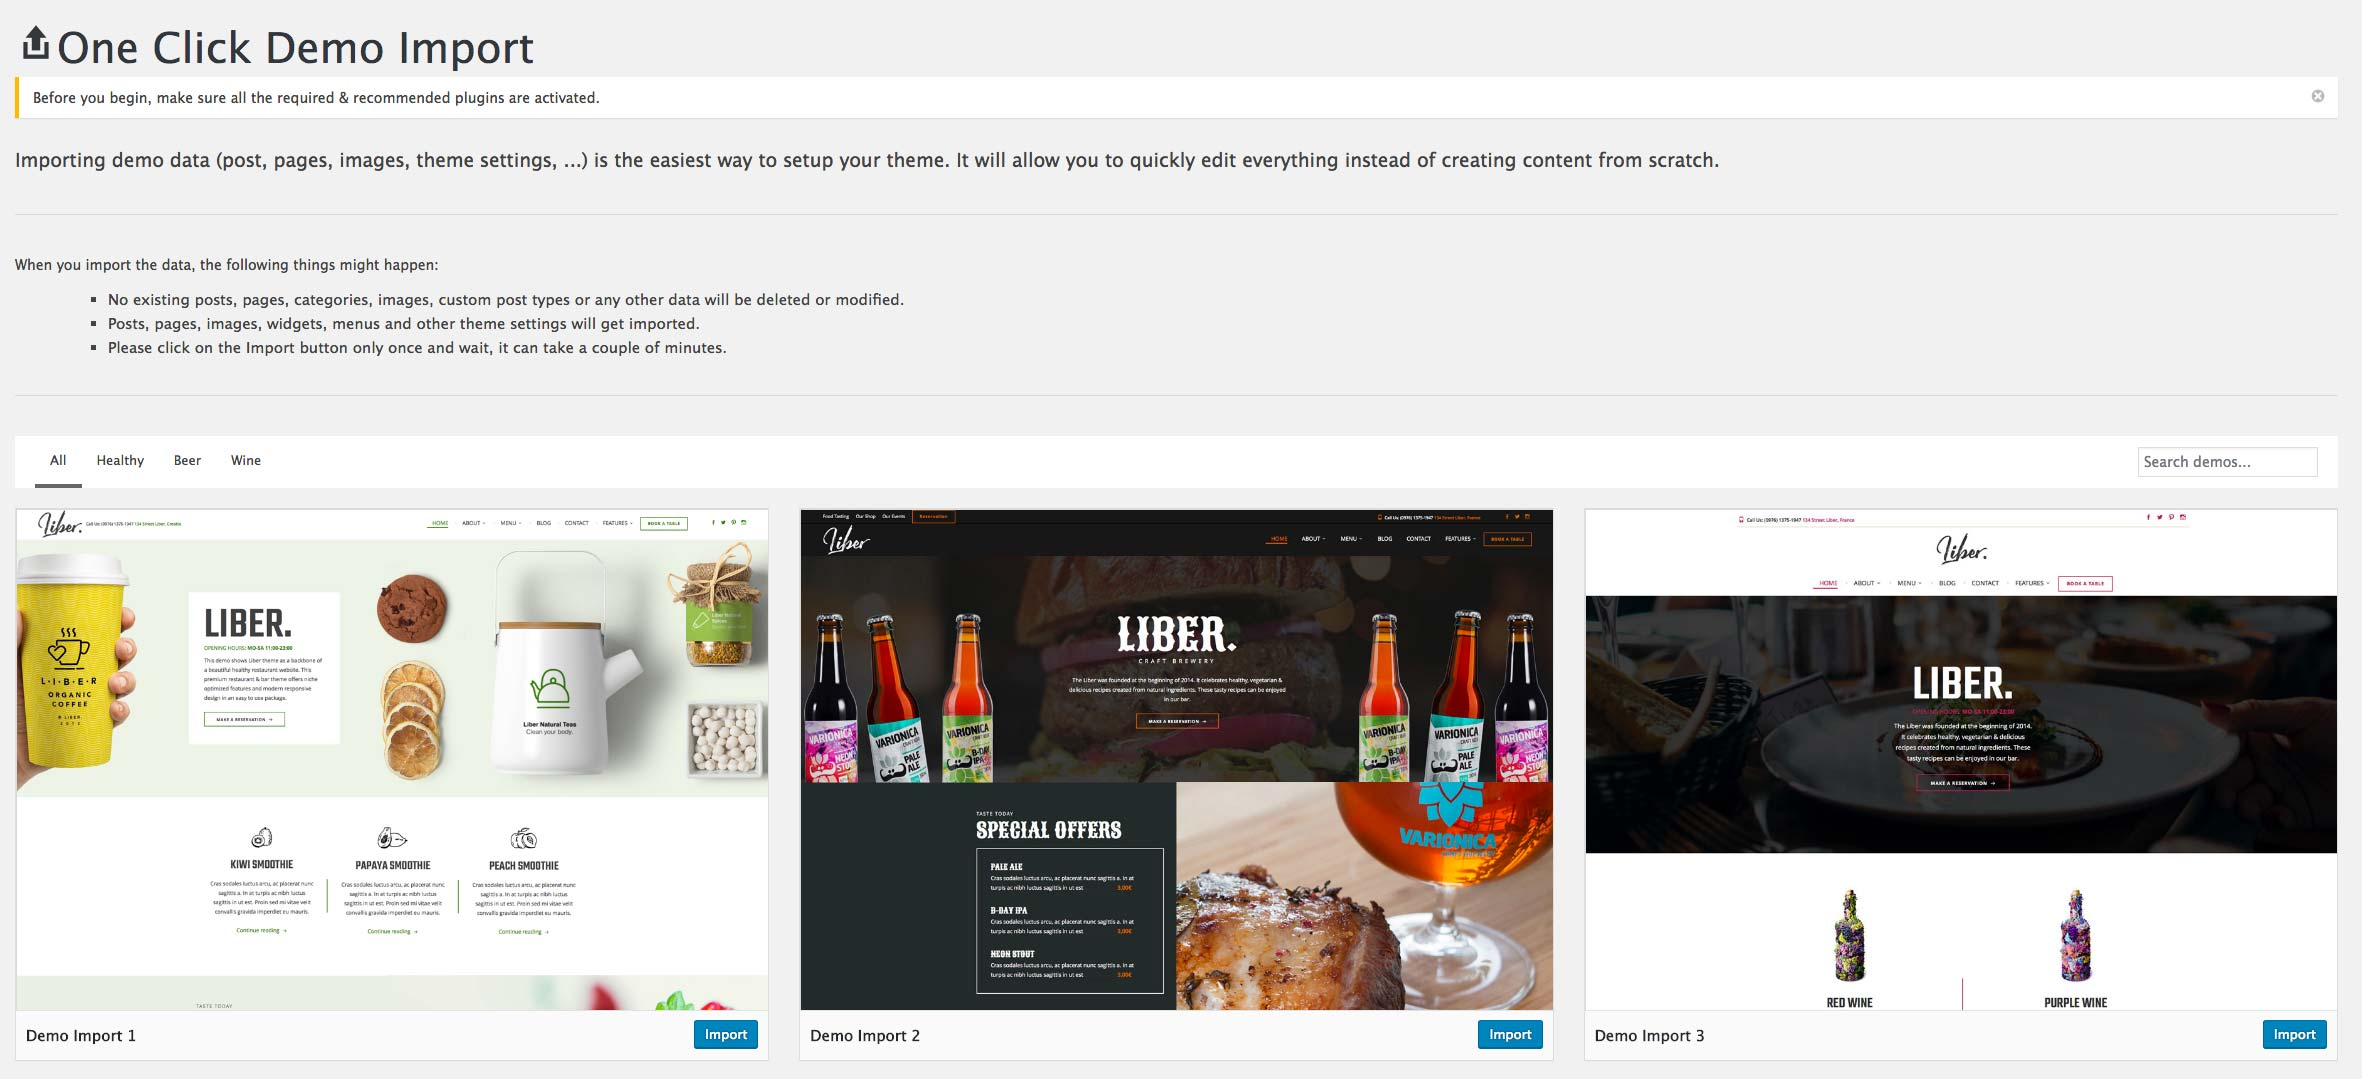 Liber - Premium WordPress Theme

== == ==

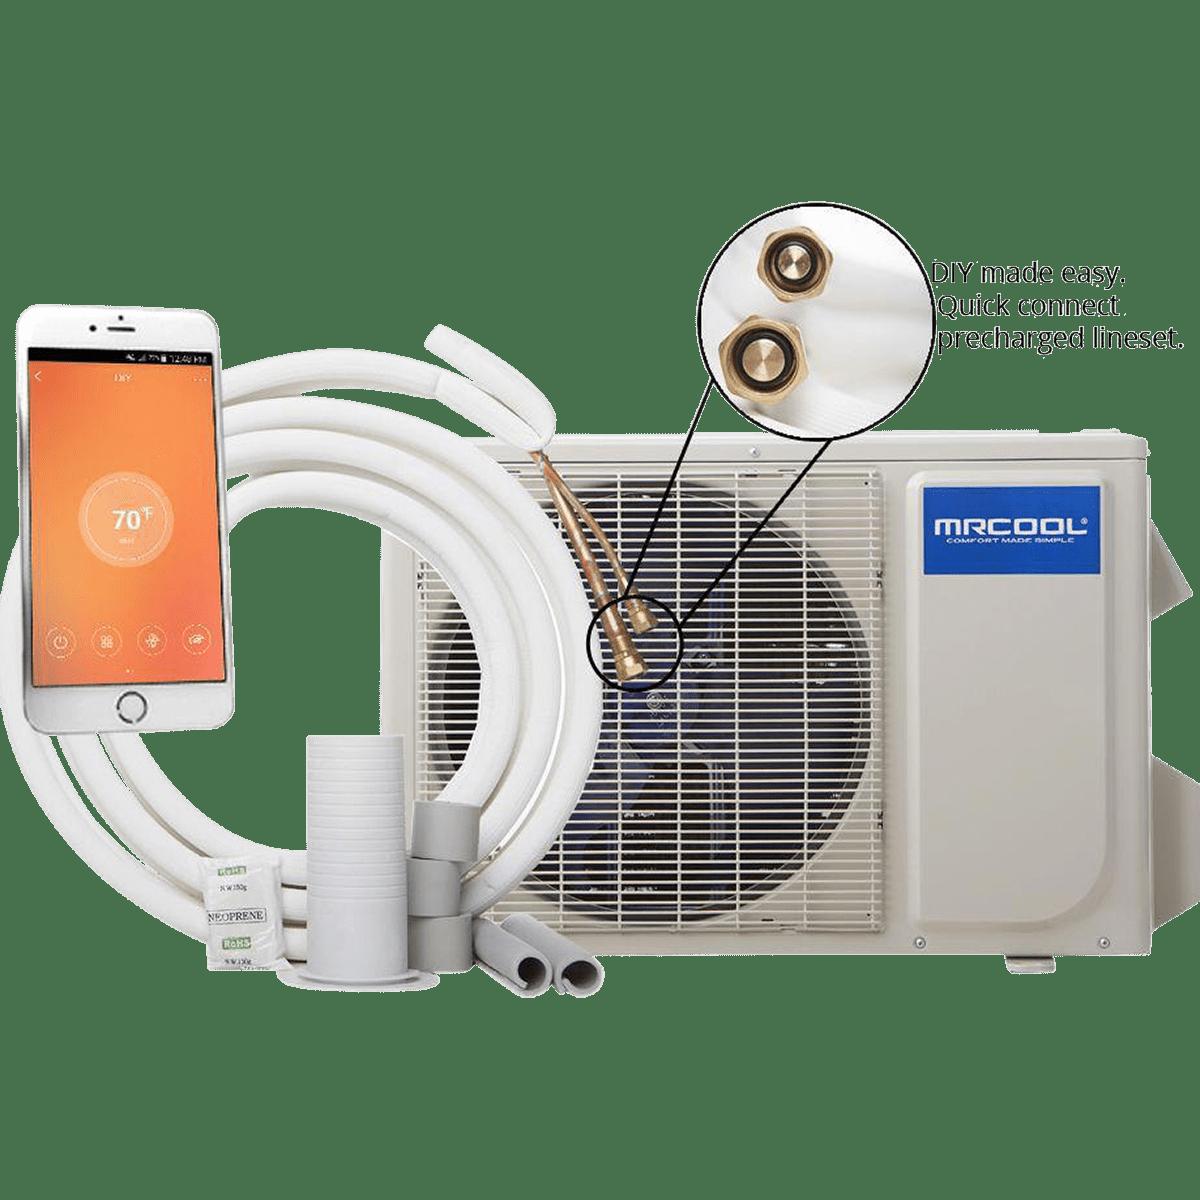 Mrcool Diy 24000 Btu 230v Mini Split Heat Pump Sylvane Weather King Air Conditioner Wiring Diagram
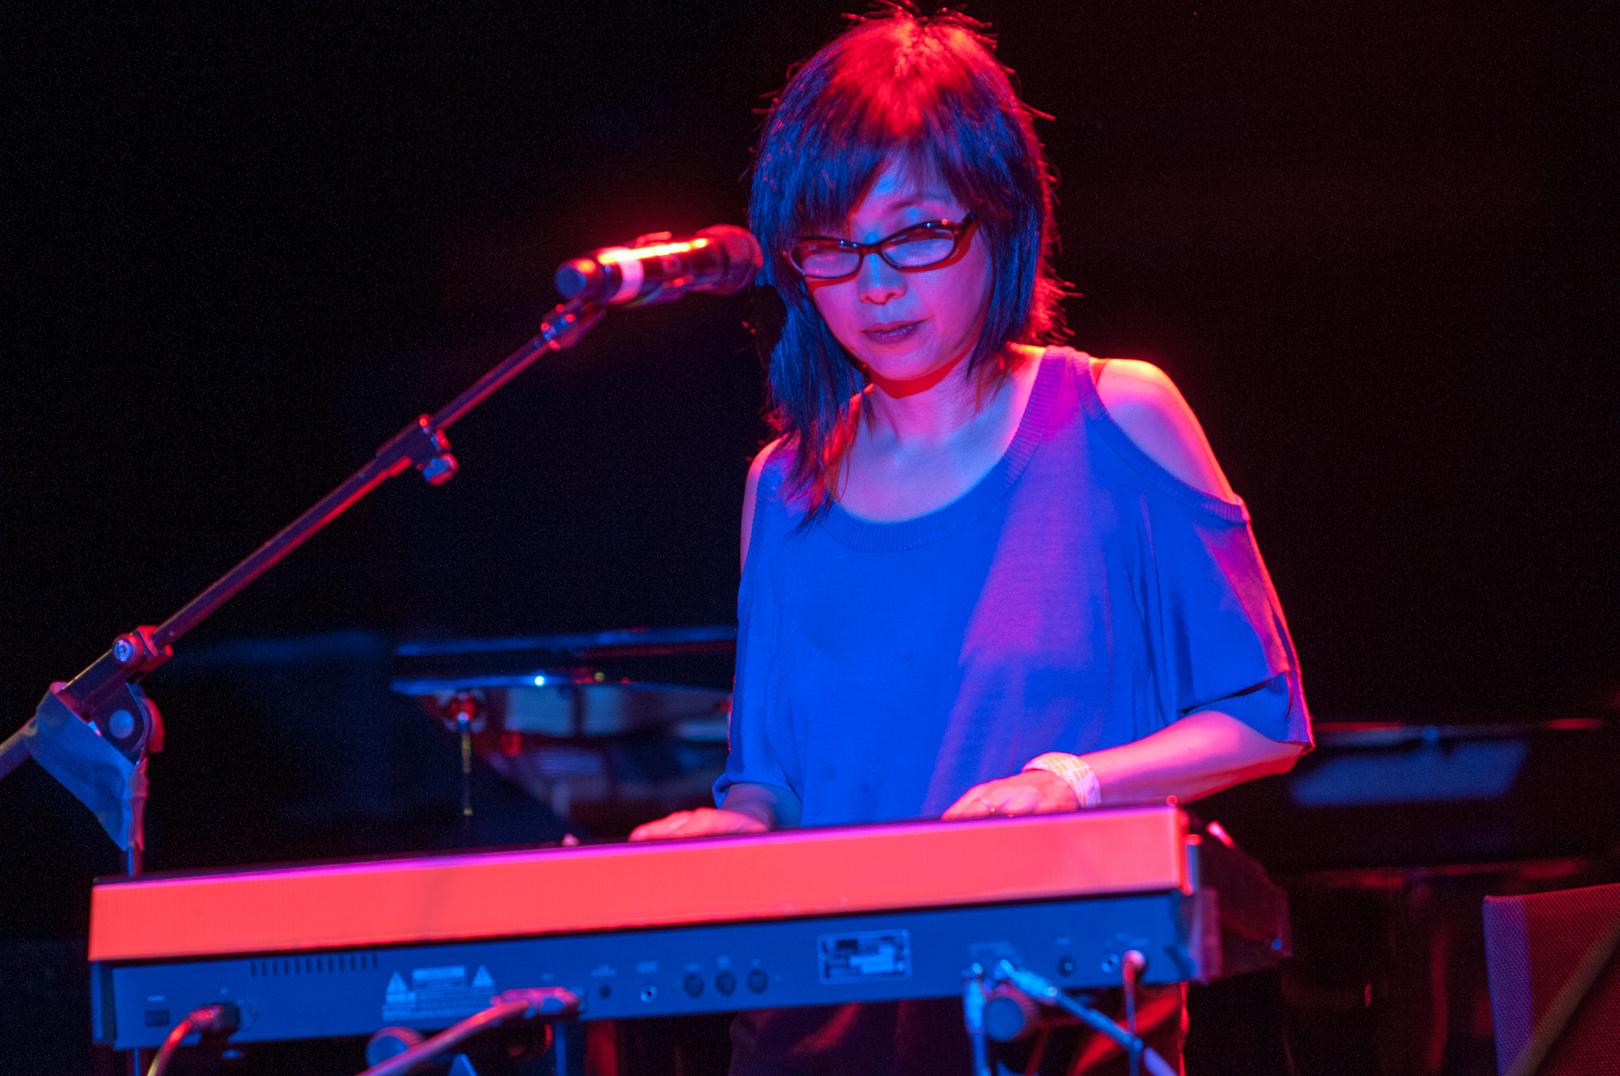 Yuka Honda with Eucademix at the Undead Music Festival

== == ==

## Action item:
The answer is the lines above from the one with "Mrcool Diy 24000" to the one with "Yuka Honda with", set down exactly, with no pictures.

## Answer box:
 Mrcool Diy 24000 Btu 230v Mini Split Heat Pump Sylvane Weather King Air Conditioner Wiring Diagram
 Yuka Honda with Eucademix at the Undead Music Festival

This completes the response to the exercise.